* DATA BELOW

● ● ●

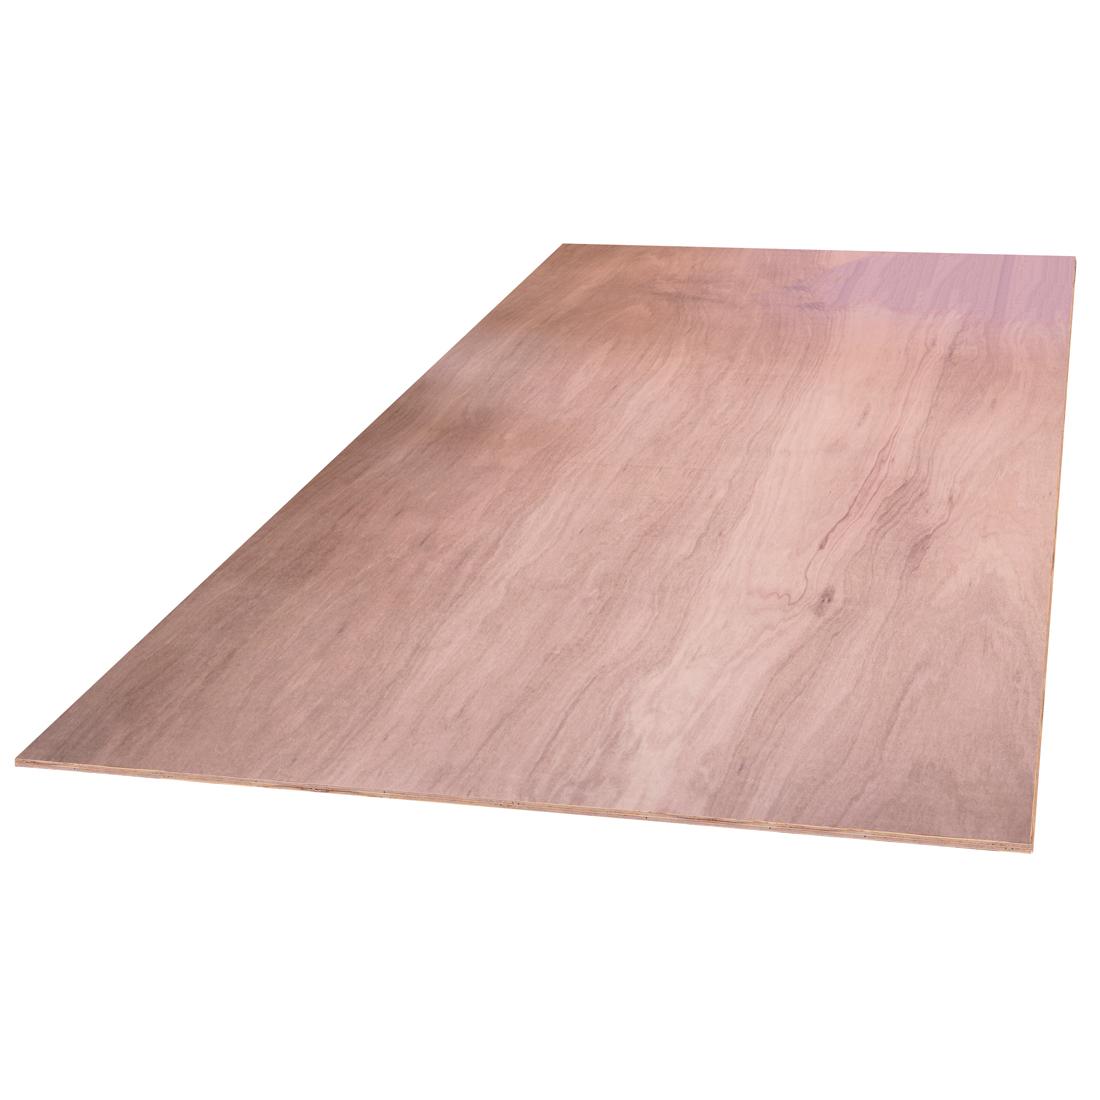 Redline Lining Plywood Untreated FSC 2400 x 1200mm x 12mm
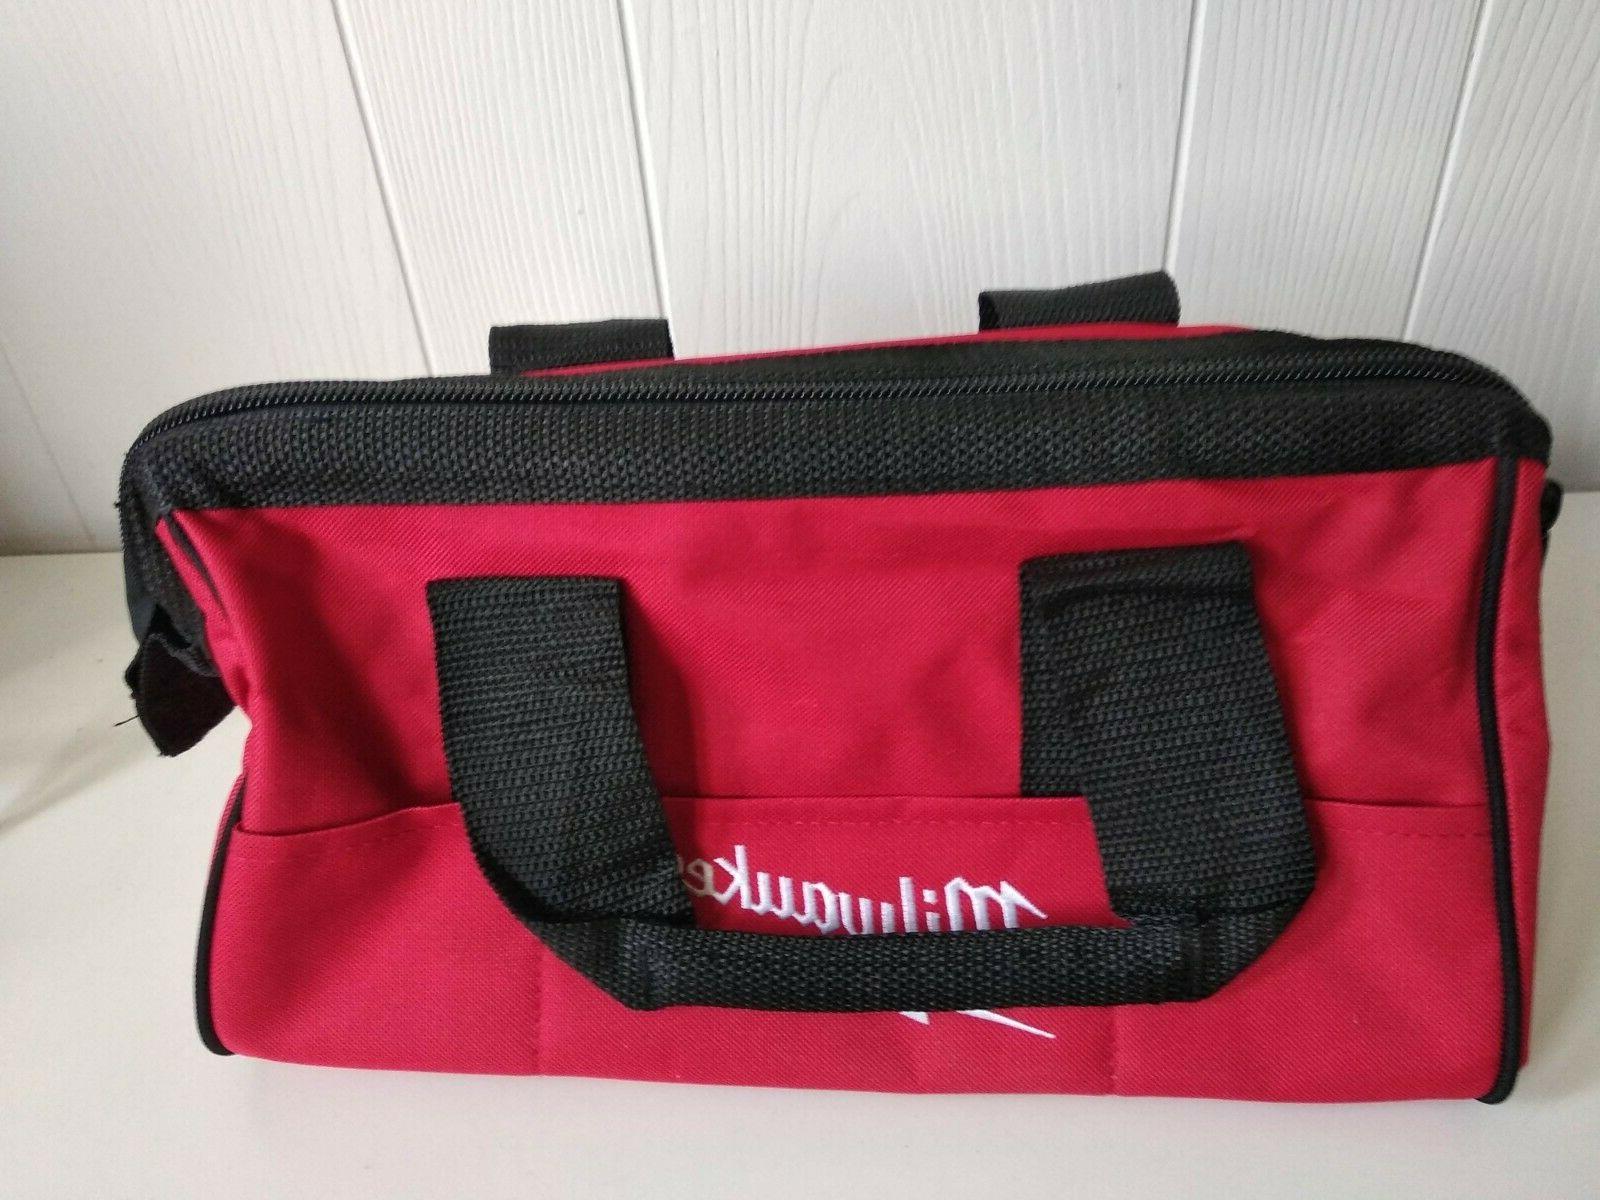 new milwaukee tool bag 13 x 6
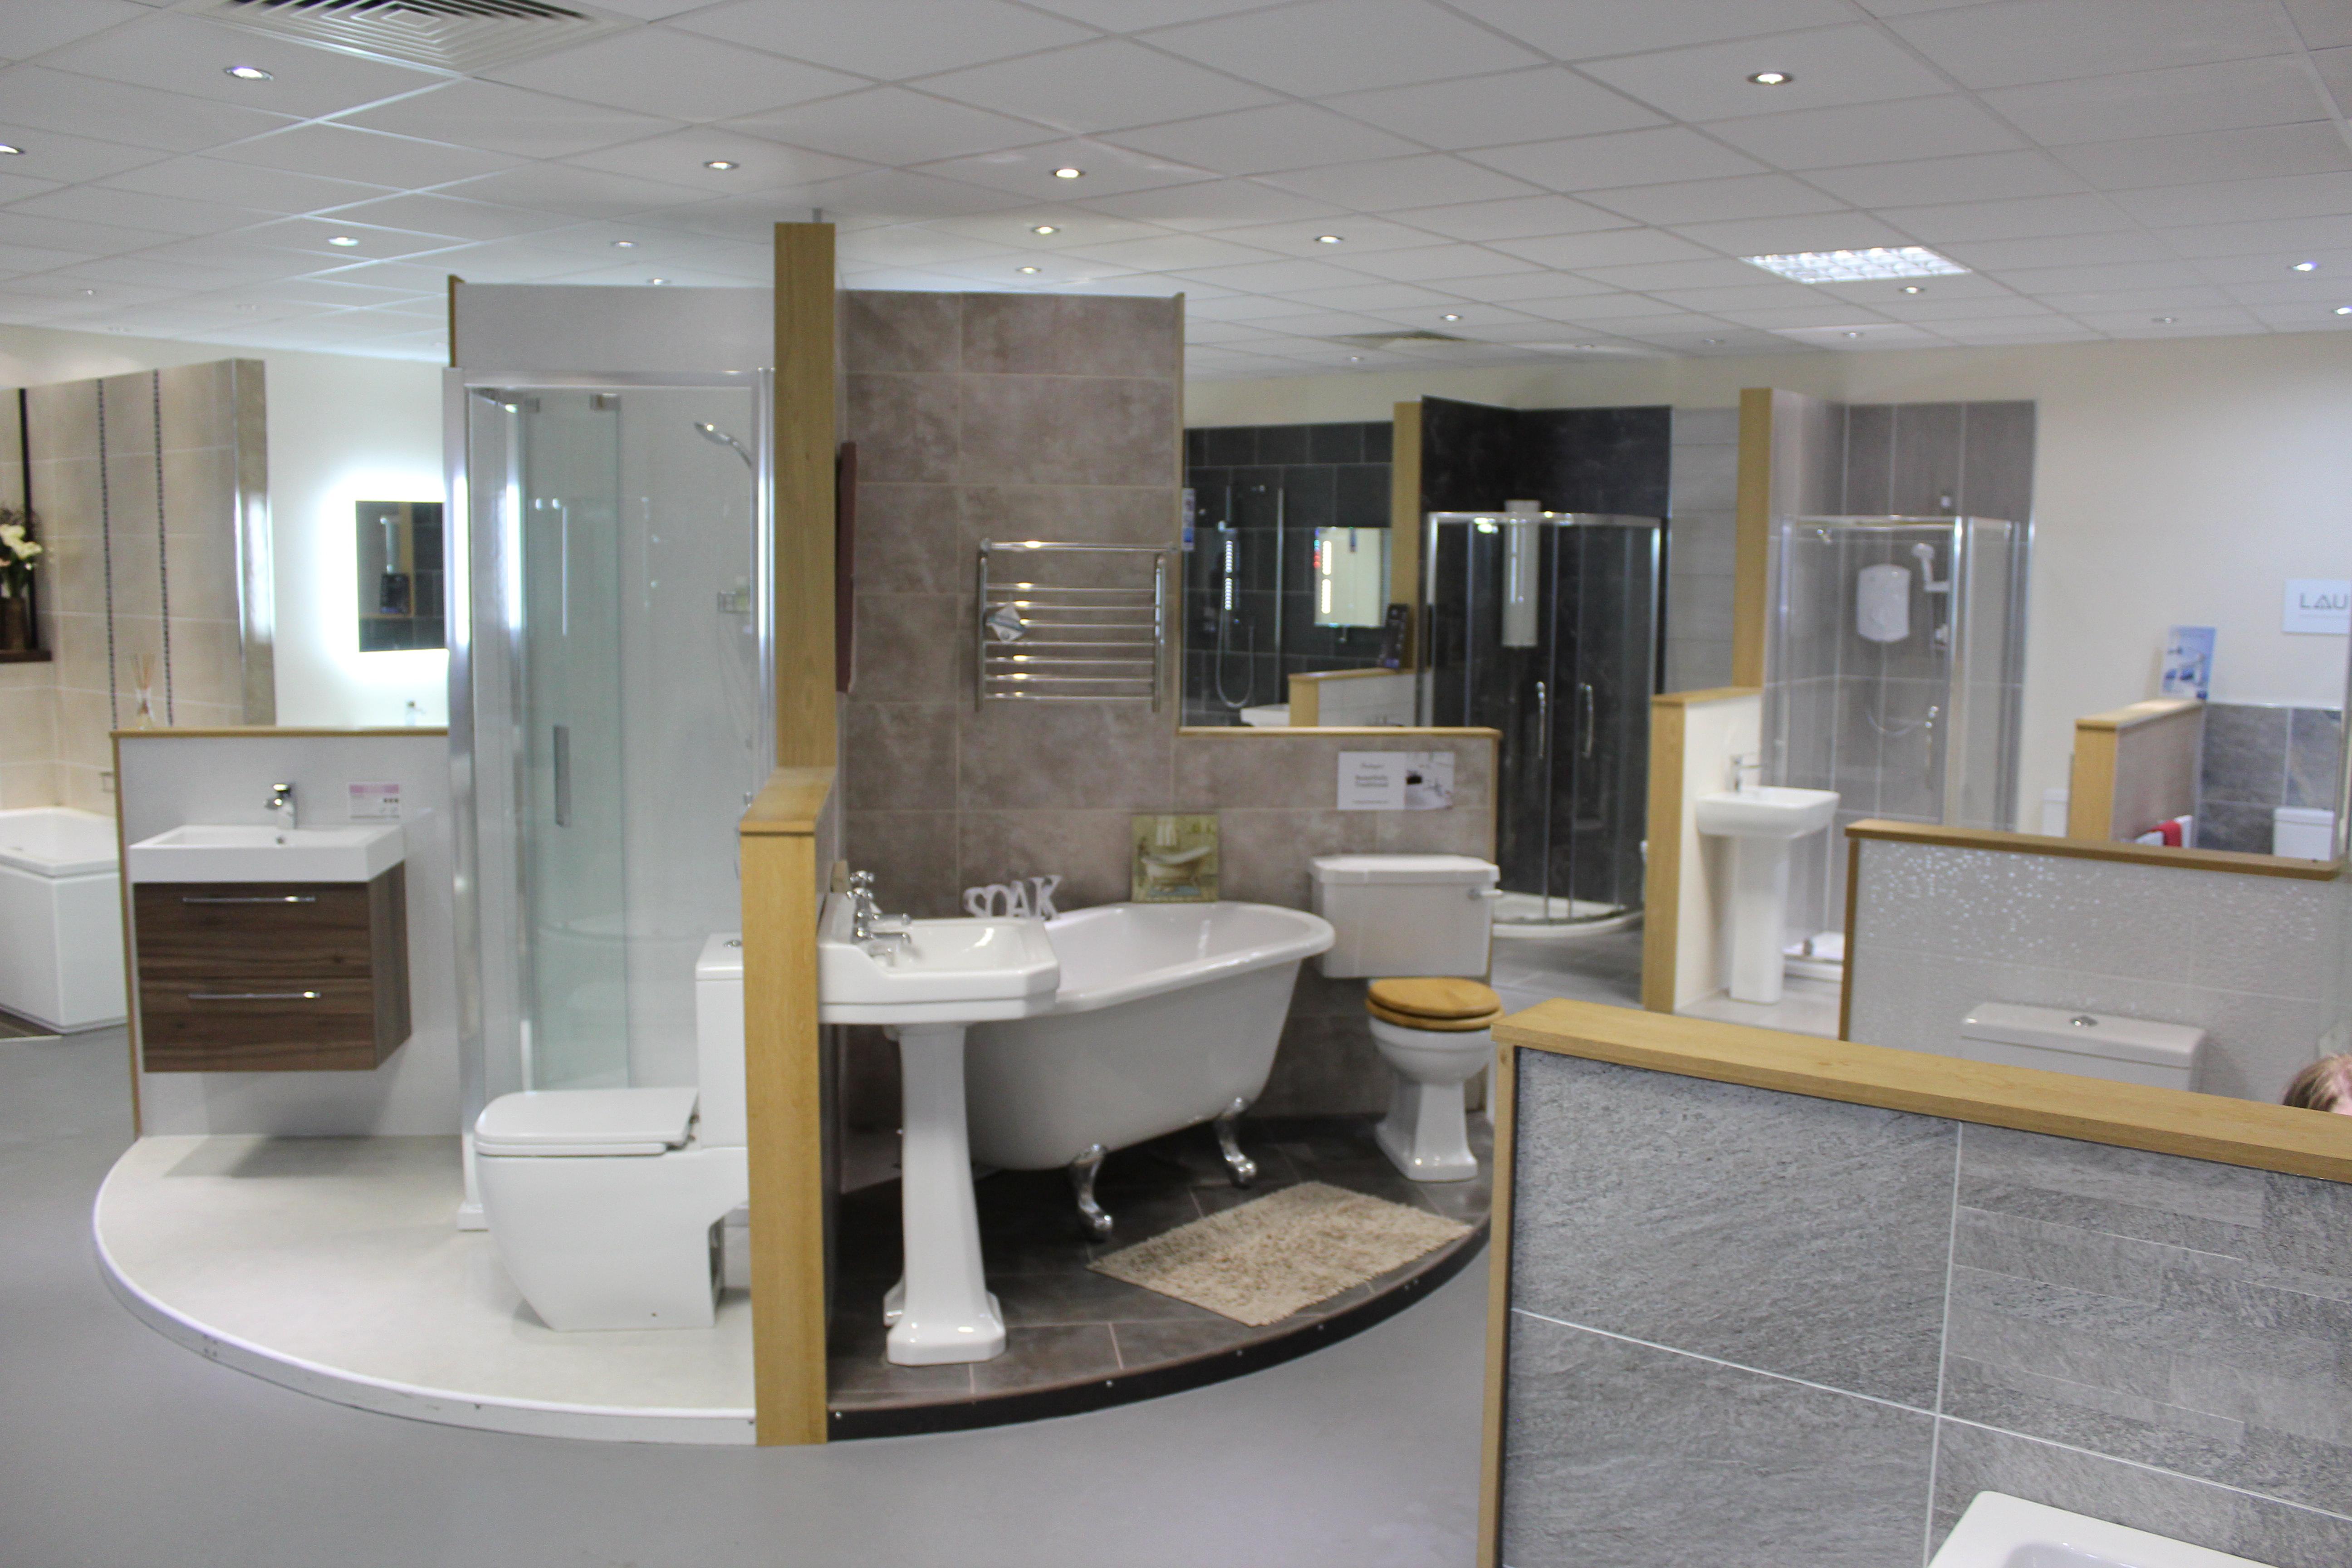 Bathroom showrooms Bathroom design showrooms Home furniture kitchenagenda com UCQKRMR

● ● ●

Without any of its pictures, the listing is to be repeated exactly as it stands.

* SOLUTION FOR THIS TASK
 Redline Lining Plywood Untreated FSC 2400 x 1200mm x 12mm
 new milwaukee tool bag 13 x 6
 Bathroom showrooms Bathroom design showrooms Home furniture kitchenagenda com UCQKRMR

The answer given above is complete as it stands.